Герои спят вечным сном 58

Людмила Лункина
Начало:
http://www.proza.ru/2017/01/26/680
Предыдущее:
http://www.proza.ru/2018/03/26/1576

ГЛАВА ПЯТЬДЕСЯТ ВОСЬМАЯ
СПАСИТЕЛИ

Потекут - и не устанут, пойдут - и не утомятся.
Книга пророка Исаии

Перед закатом диск Солнца выглядит заметно сплющенным по вертикали, приобретая сначала желтоватый, затем оранжевый и, наконец, красный цвет. Небо вокруг него окрашивается в золотистые тона. Ближе к горизонту золотисто-жёлтые краски сменяются розово-оранжевыми, а у самого горизонта, красными.

Наиболее ярко заря сияет сразу после захода и, по мере погружения солнца под горизонт, световая область растягивается, а небо над ней быстро темнеет. Над центром зари, на высоте около 25 градусов, возникает овальное огненно-розовое пятно - <пурпуровый свет>. Он увеличивается в размерах, как бы спускаясь за золотистую зарю и через некоторое время превращается в узкую полоску, ограничивающую сверху жёлтый сегмент.

Тотчас после того, как солнце скроется за горизонтом, на восточной, противосолнечной стороне появляется полукружие голубовато-пепельного цвета - род дымки. Это тень Земли на атмосфере. Над ней тянется розовая полоса - пояс Венеры.

Пепельная округлость увеличивается, пока не сольётся с темнеющим небом. К концу гражданских сумерек * тень Земли закрывает большую часть небосвода. Пурпуровый свет гаснет, пояс Венеры бледнеет и исчезает. На небе загораются первые звёзды. Заря истаивает. Тёмно-красные тона у горизонта – последний привет уходящего дня.

Об этом до самозабвения любил рассказывать учитель географии Яков Штольц, подтверждая речь иллюстрациями, коих у него множество. А воочию разглядеть процесс от начала до конца довелось только в России. И как же осточертело созерцание!

Штольцу предлагали возглавить поездку. Он отговорился недугами жены, возрастом и прочь. Фогелю же представляется - Штольц просто струсил. Должно быть, к лучшему. Запилил бы занудством. С Маульсхагеном, щадящим подростковые нюансы, - уверенность, да и отвечать способен лейтенант по поводу всякой политики внятней, нежели кабинетный червь.

На утренней заре смена красок происходит в обратном порядке. Вот уж верно! Даже время вспять потекло, когда автобус въехал в восход. «Погоди ка!» Может, выехал? Есть ли разница. Главное, - солнце, «родившись», тотчас осыпало мириадами своих подобий пронизанную празеленью воду, из которой возникала, стелилась под колёса и пряталась обратно дорога.

Забыть такое нельзя! Ещё незабвенное: фигурки самокатчиков движутся вниз по склону, перевёртываются, застывают в прихотливых позах. Да, конечно, бандитов преследовали, заложников пытались спасти, однако «псих» знал, куда едет, и пулемёт, звук которого вспомнился задним числом, сказал решающее слово.

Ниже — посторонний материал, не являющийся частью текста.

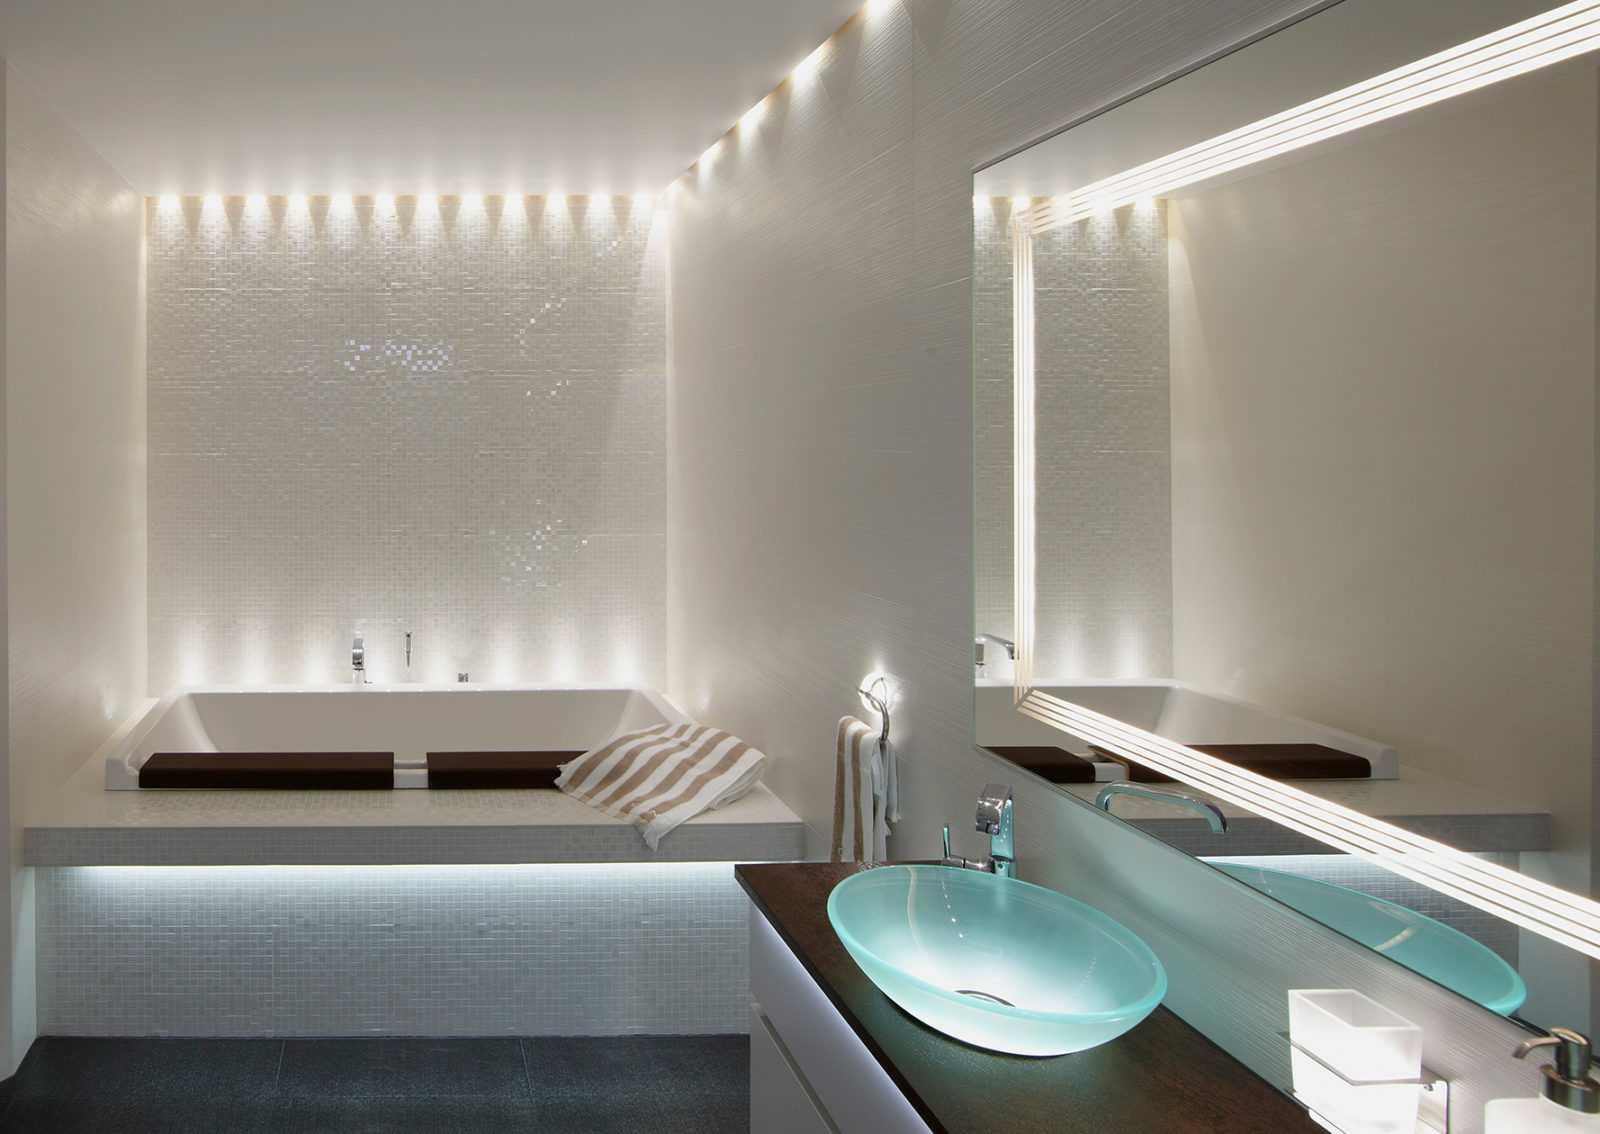 Как организовать освещение в ванной комнате: видео

Интересно! Если б ни застава, смог бы кто-нибудь из эсэсманов болото проскочить? Велика ли глубина? Чем управляется и за счёт чего работает чудесный настил?

Итак, среди лесов потекла жизнь по законам Штольца. Второй месяц доминирует астрономия, господствует ветер, с минуты на минуту ожидается день, в который бы разверзлись все источники великой бездны, и окна небесные отворились. *

Часть группы дома, остальных могут считать погибшими, следовательно - существует вероятность задержки на неопределённый срок. Только зачем? Перевербовка! Ошиблись умники.

Никогда Фогель не согласится предать родину, никогда не забудет слов клятвы, хотя, освобождённый от необходимости ухода за Бастианом, осознал, что посредством сторонней воли способен освободиться и от других обязанностей, как нож в масло, войти в новые правила.

- Наши здесь кто? – Окликнул племянников Федос Буканин. – Ага на час; дело есть.

Подходить не понадобилось. Отработала бригада упаковку: Таловские стоят, прочие попадали на песок в своё удовольствие. Девять? Сказочное число. Фогель, бегавший в паре с Денисом, десятый. Федос узнал его, и на сердце потеплело.

Нет проклятия страстей. Ушло безумство вместе с опомнившимся перед смертью отцом. Буканины – ровня прочим. Удалось поднять род, залечить ущербность, восстановить достоинство. В силе ребятки, коль умеют чужака не пихнуть, при разуме. Следует говорить, как с большими.

- Вот что, - объявил, - кончили. Теперь же след вам проведать бабку Данату.
- На чо! – Удивился Валерка. – Вечером глянуто. Дрова в порядке, назём перекидан, картошник покошенный.

- Было время, были песни, - Федос издали повёл речь. - Обижалась прародительница на деда вашего: якобы – жизнь поломал. Умелец ломать Хрисанфыч. Хоть ломке смертью укорот, живучи обиды, на других перекидываются.

Нам былья нет, возразил Денис.
- Правильно, умница. Есть старуха, на отшибе поселившаяся. Не брошена, только срок подошёл. К зиме - фронтов движение. До Берлина и назад покатим, а ей, случись хворости - не оберечь. Задача: пока работники при топорах, перевезти на хутор Данаткино хозяйство.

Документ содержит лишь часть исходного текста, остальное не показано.